**RECORD EXCERPTS:**
=== Section Start ===

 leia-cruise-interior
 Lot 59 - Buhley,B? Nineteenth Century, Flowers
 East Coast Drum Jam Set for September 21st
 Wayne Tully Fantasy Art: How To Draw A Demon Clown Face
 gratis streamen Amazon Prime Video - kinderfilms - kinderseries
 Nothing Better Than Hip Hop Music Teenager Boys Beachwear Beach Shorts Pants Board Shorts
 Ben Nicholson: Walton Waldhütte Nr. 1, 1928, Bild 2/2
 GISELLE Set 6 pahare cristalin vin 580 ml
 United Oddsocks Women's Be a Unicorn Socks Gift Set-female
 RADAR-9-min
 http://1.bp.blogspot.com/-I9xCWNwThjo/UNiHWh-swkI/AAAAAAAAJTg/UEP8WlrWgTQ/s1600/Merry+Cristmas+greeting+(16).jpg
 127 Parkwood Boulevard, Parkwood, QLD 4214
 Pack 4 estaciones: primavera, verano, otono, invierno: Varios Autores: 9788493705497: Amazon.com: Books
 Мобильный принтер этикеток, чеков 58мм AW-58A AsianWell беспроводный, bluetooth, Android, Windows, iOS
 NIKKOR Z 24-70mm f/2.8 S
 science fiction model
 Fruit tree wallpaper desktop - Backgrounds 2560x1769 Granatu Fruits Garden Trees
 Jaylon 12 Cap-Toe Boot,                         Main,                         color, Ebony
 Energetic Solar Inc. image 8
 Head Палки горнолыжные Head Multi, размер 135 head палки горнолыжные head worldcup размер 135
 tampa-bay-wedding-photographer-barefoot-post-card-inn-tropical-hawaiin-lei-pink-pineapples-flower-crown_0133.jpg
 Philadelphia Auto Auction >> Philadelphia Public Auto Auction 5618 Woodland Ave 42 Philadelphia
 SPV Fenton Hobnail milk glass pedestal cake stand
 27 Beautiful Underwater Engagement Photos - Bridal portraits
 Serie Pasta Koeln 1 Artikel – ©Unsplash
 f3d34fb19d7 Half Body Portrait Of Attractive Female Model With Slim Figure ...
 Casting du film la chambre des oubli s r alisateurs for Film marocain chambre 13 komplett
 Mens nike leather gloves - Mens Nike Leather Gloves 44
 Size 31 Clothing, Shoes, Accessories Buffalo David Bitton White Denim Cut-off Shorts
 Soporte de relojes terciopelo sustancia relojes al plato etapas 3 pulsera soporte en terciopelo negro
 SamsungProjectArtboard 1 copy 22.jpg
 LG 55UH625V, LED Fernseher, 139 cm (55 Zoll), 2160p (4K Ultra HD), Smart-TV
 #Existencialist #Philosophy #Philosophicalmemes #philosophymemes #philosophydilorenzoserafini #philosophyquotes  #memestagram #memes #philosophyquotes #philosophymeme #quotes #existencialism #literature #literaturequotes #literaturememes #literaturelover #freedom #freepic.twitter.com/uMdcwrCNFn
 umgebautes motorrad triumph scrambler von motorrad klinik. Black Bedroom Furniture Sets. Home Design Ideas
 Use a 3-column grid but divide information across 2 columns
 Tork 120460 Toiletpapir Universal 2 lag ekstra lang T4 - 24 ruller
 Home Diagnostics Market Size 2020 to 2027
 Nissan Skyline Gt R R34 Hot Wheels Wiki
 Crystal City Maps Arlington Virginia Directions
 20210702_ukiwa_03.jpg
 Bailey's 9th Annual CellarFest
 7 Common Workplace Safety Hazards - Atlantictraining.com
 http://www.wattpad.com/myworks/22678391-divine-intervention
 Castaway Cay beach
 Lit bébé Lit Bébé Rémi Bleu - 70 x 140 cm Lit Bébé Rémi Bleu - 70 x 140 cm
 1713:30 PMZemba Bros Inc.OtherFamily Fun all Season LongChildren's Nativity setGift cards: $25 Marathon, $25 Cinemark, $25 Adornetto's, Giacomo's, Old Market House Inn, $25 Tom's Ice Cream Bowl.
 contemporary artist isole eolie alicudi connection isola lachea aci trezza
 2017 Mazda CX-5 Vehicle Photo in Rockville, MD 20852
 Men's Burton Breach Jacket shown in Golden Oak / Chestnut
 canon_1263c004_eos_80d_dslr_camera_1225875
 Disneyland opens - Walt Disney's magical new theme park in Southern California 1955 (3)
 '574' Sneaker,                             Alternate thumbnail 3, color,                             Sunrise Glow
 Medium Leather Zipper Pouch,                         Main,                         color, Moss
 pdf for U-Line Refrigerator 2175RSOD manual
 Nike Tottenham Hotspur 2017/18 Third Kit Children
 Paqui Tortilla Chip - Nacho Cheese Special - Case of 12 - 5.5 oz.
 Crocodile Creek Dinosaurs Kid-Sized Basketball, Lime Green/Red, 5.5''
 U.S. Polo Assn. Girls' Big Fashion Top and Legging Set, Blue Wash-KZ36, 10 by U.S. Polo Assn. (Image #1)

=== Section End ===

**TASK GOAL:** Please give back only the lines between the first line of the entries and the line with "GISELLE Set 6 pahare cristalin vin 580 ml", both ends included, word for word.

**YOUR SOLUTION:**
 leia-cruise-interior
 Lot 59 - Buhley,B? Nineteenth Century, Flowers
 East Coast Drum Jam Set for September 21st
 Wayne Tully Fantasy Art: How To Draw A Demon Clown Face
 gratis streamen Amazon Prime Video - kinderfilms - kinderseries
 Nothing Better Than Hip Hop Music Teenager Boys Beachwear Beach Shorts Pants Board Shorts
 Ben Nicholson: Walton Waldhütte Nr. 1, 1928, Bild 2/2
 GISELLE Set 6 pahare cristalin vin 580 ml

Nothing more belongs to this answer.